SOURCE DATA
★ ★ ★ ★ ★ ★ ★
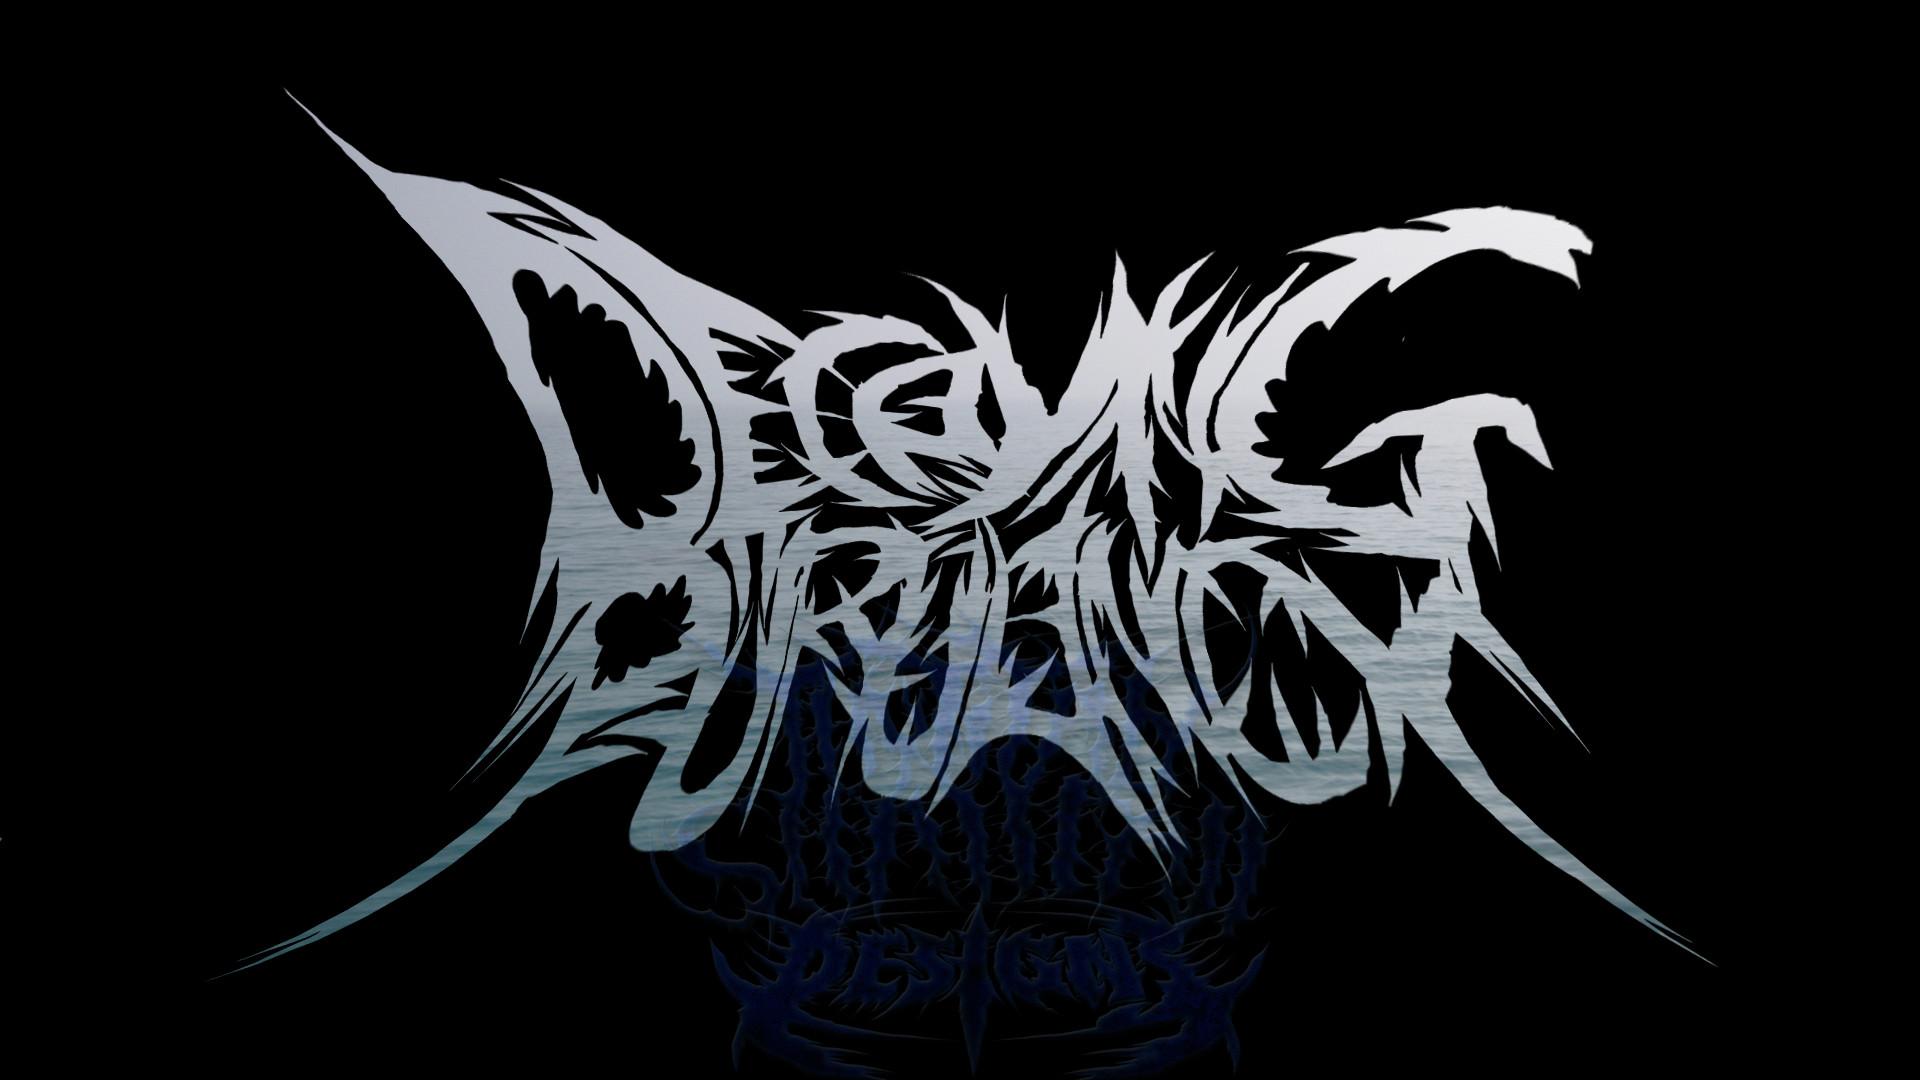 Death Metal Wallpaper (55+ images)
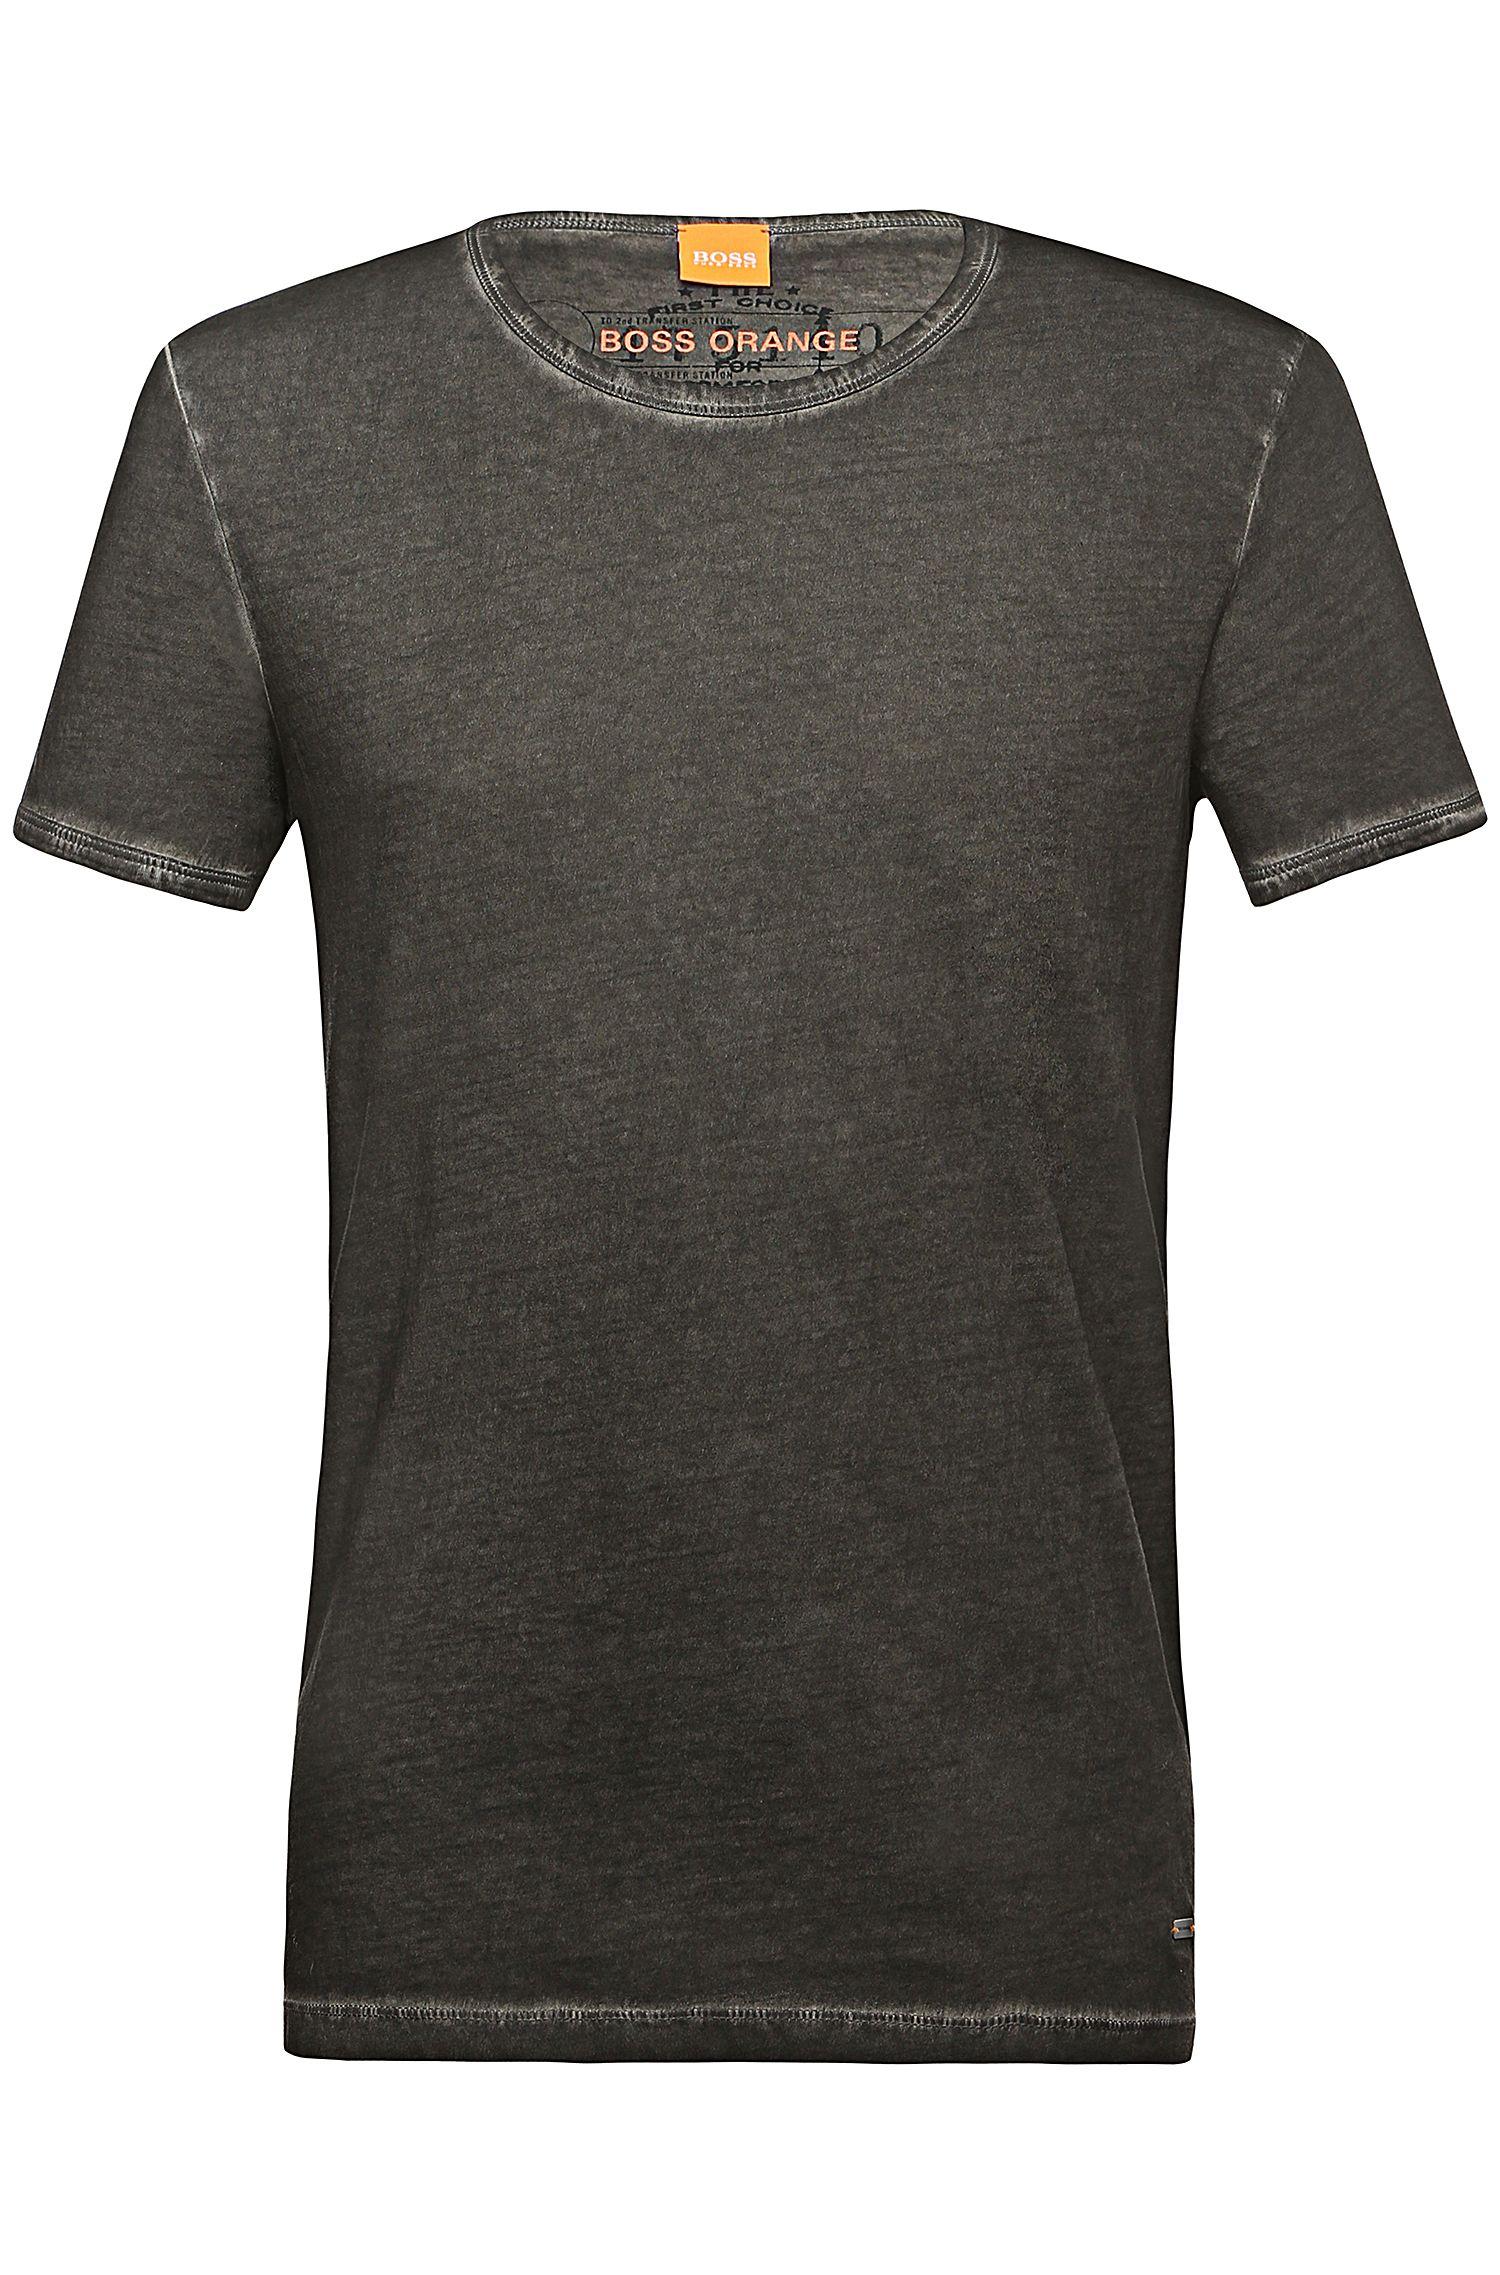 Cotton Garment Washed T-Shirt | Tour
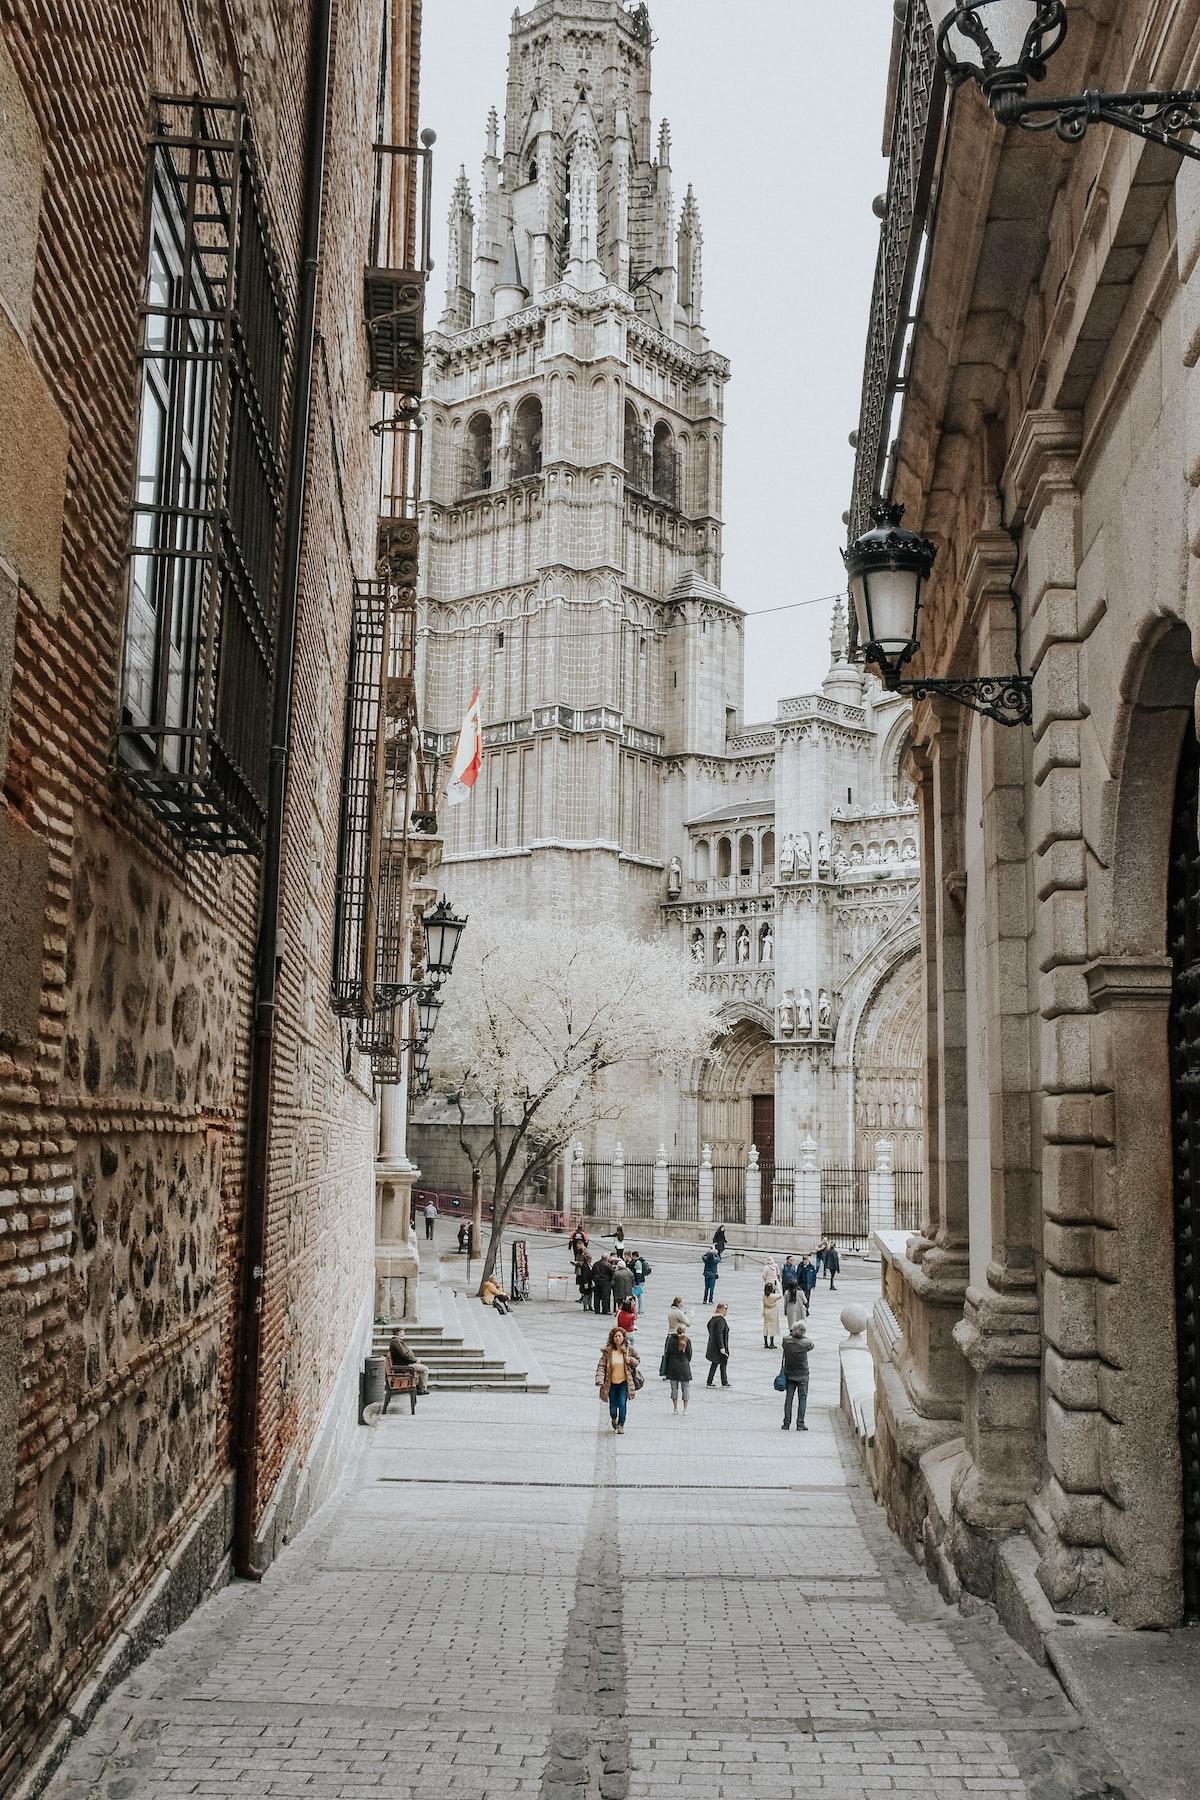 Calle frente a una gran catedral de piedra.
★ ★ ★ ★ ★ ★ ★
DESCRIPTION OF THE TASK
Copy the listing character for character, pictures omitted.

EXPECTED ANSWER
 Death Metal Wallpaper (55+ images)
 Cotton Garment Washed T-Shirt | Tour
 Calle frente a una gran catedral de piedra.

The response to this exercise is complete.